La struttura dello steroide è importante per gli effetti che dà a livello genico, mediati dall’aggancio
al suo recettore.
Di fronte a una pletora di molecole che vengono indotte e altre che vengono soppresse, è logico
aspettarsi tutta una serie di effetti: abbiamo una marcatissima depressione di sintesi di cellule
eosinofile da parte delle cellule mieloidi, una diminuzione dell’attivazione dei linfociti T, delle mast
cellule, della sintesi delle citochine, della presentazione dell’Ag da parte delle cellule dendritiche,
etc. Quindi tutta l’immunità innata viene progressivamente depressa dalla terapia steroidea e ciò
significa che gli steroidi sono le sostanze che facilitano maggiormente la comparsa di infezioni.

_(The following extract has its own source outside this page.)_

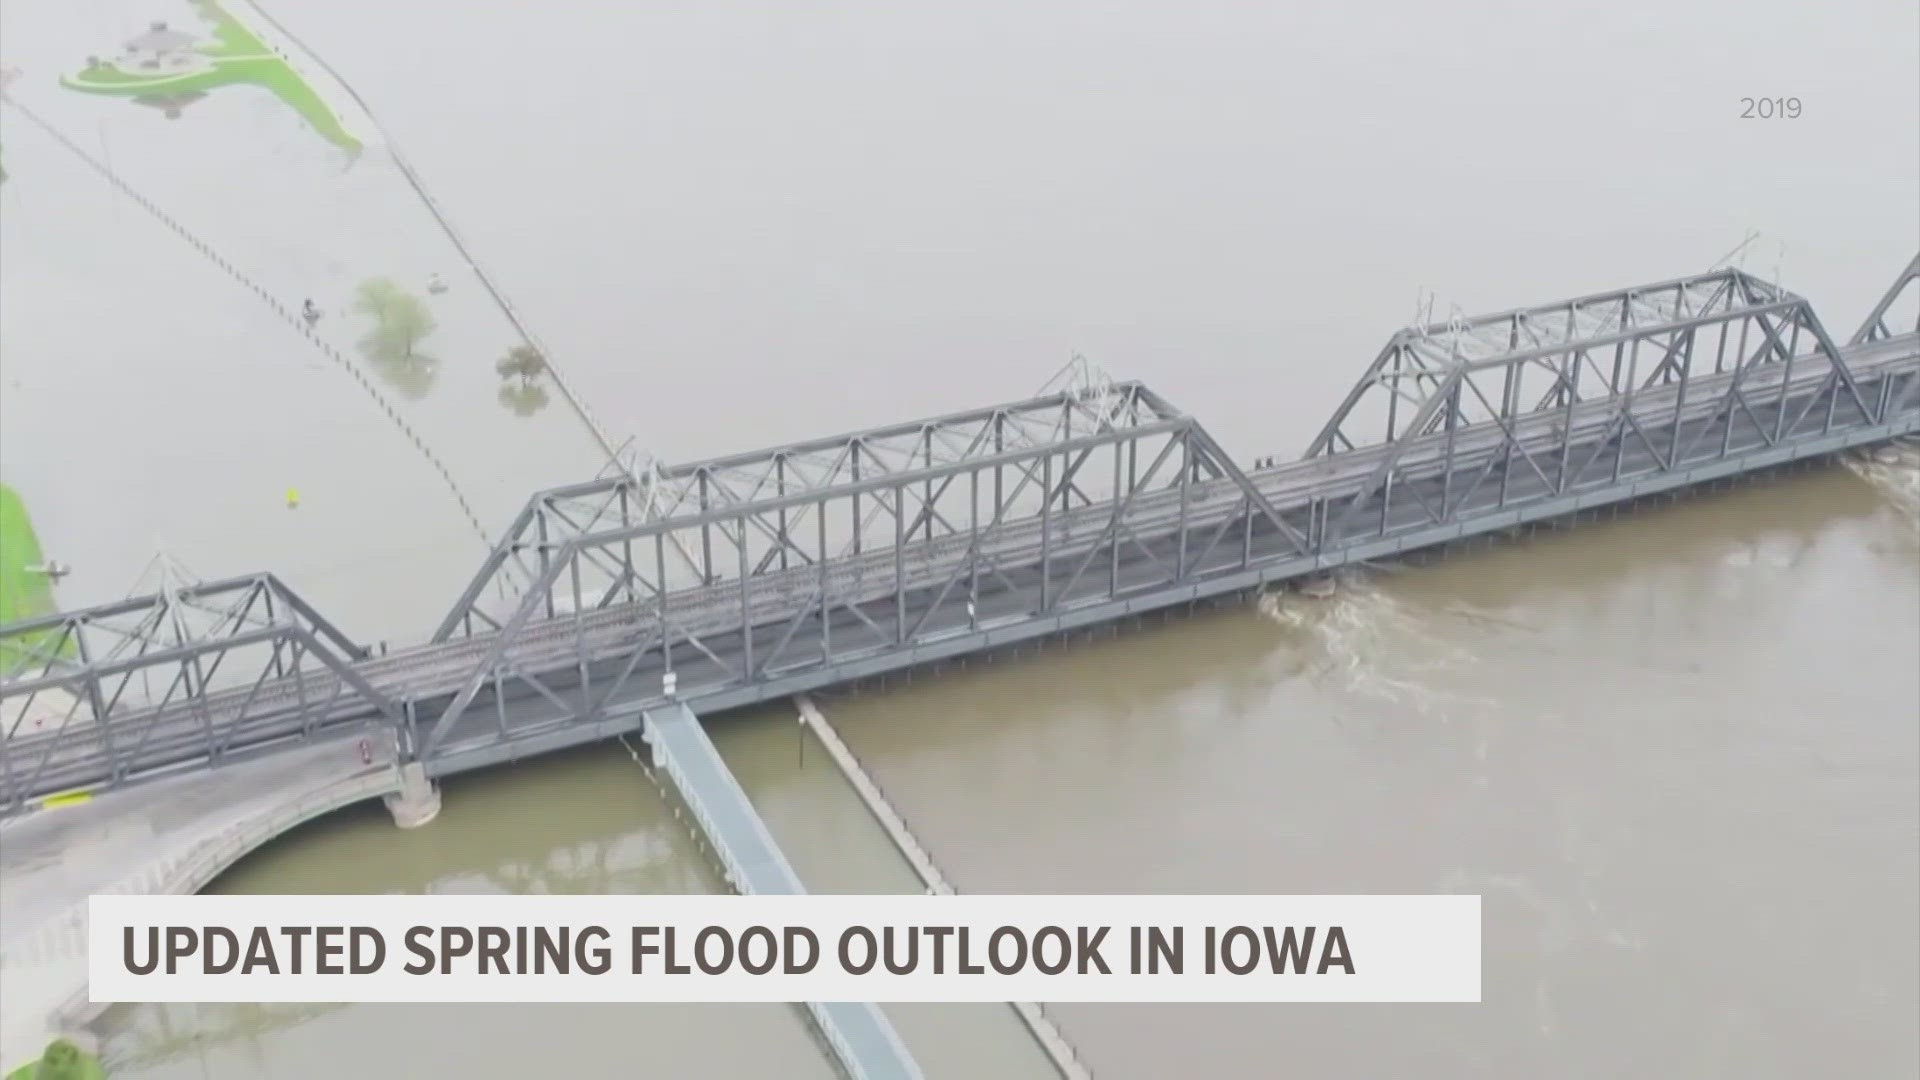 According to the National Weather Service, "Flooding along the Mississippi River has the potential to be similar to what happened in 2019."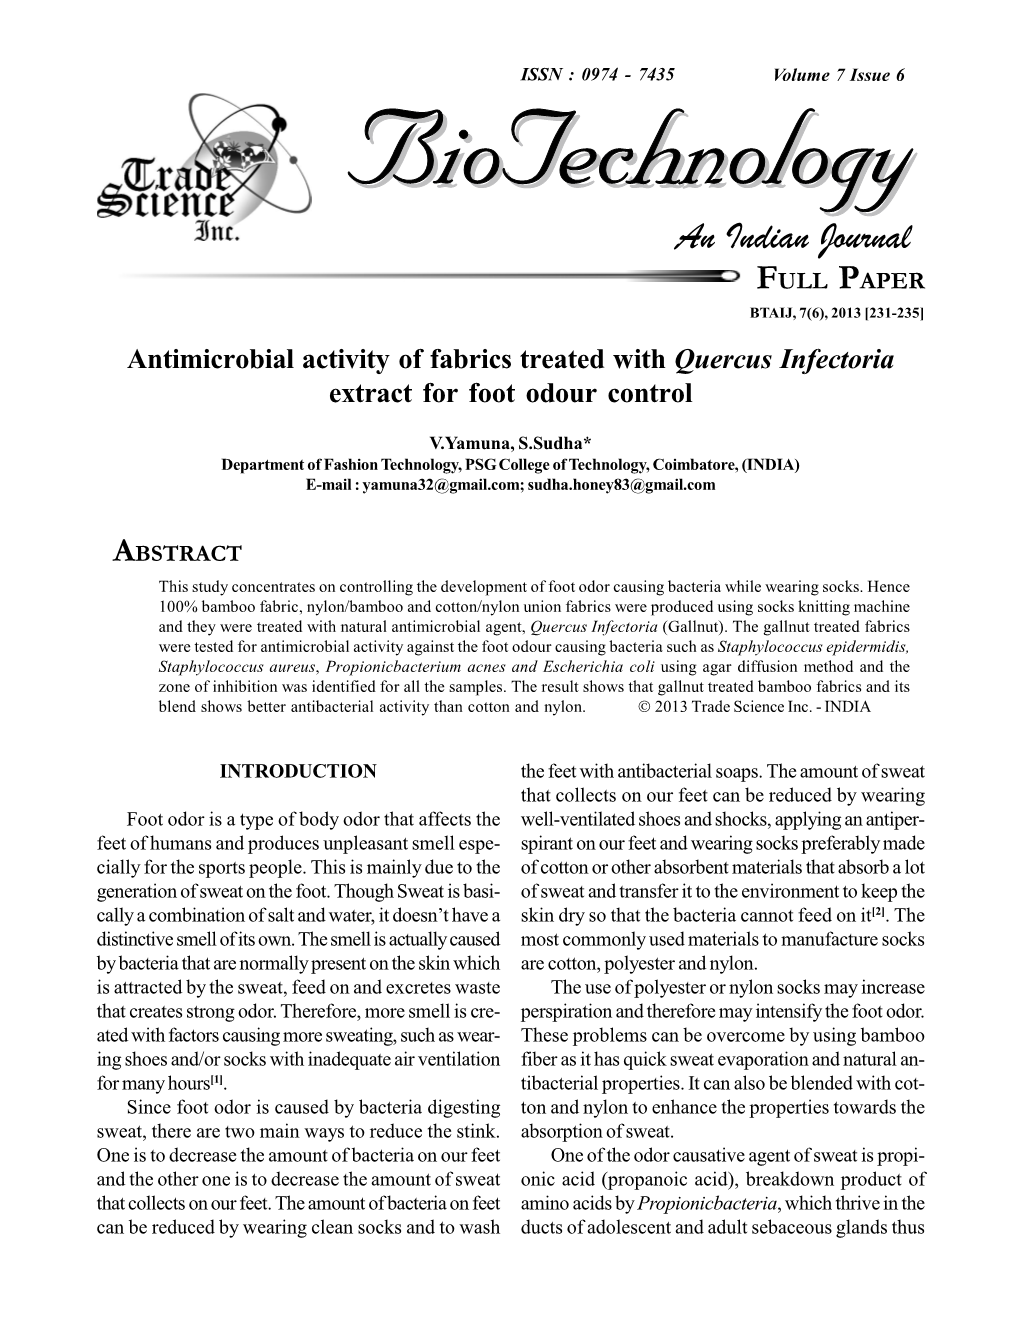 Antimicrobial Activity of Fabrics Treated with Quercus Infectoria Extract for Foot Odour Control

Le conseguenze cliniche di tutti gli effetti che ci sono sui geni da parte degli steroidi sono (nella
quarta slide a pag.2 c’è l’elenco di tutte le proteine e gli enzimi interessati e i riflessi sugli effetti
collaterali):
 diabete
 atrofia muscolare
 ipertensione
 ipocaliemia
 ritenzione idro-salina
 glaucoma
 osteoporosi
 broncodilatazione
 effetto antinfiammatorio
Tutte queste sono possibili conseguenze che vanno tenute presenti quando prescriviamo una terapia
steroidea , soprattutto se > 3 mesi.
La somministrazione dello steroide può avvenire per os a piccole dosi, se voglio ottenere una
risposta antiflogistica lenta (ma quanto più a lungo somministro queste piccole dosi tanto più ho la
possibilità di provocare una depressione dell’asse!!!), oppure posso utilizzarlo a boli cioè in grandi
quantità per un periodo limitato di tempo. La somministrazione per os a piccole dosi la utilizzo
quando prevedo che il pz possa ottenere un effetto antinfiammatorio in tempi lunghi, quando non
c’è urgenza nell’intervento terapeutico; invece in un pz con un attacco asmatico importante, o che
ha una cerebrite di tipo lupico, o una forma di vasculite dell’arteria temporale che può mettere a
repentaglio il visus, ho bisogno di avere effetti maggiori in tempi più brevi.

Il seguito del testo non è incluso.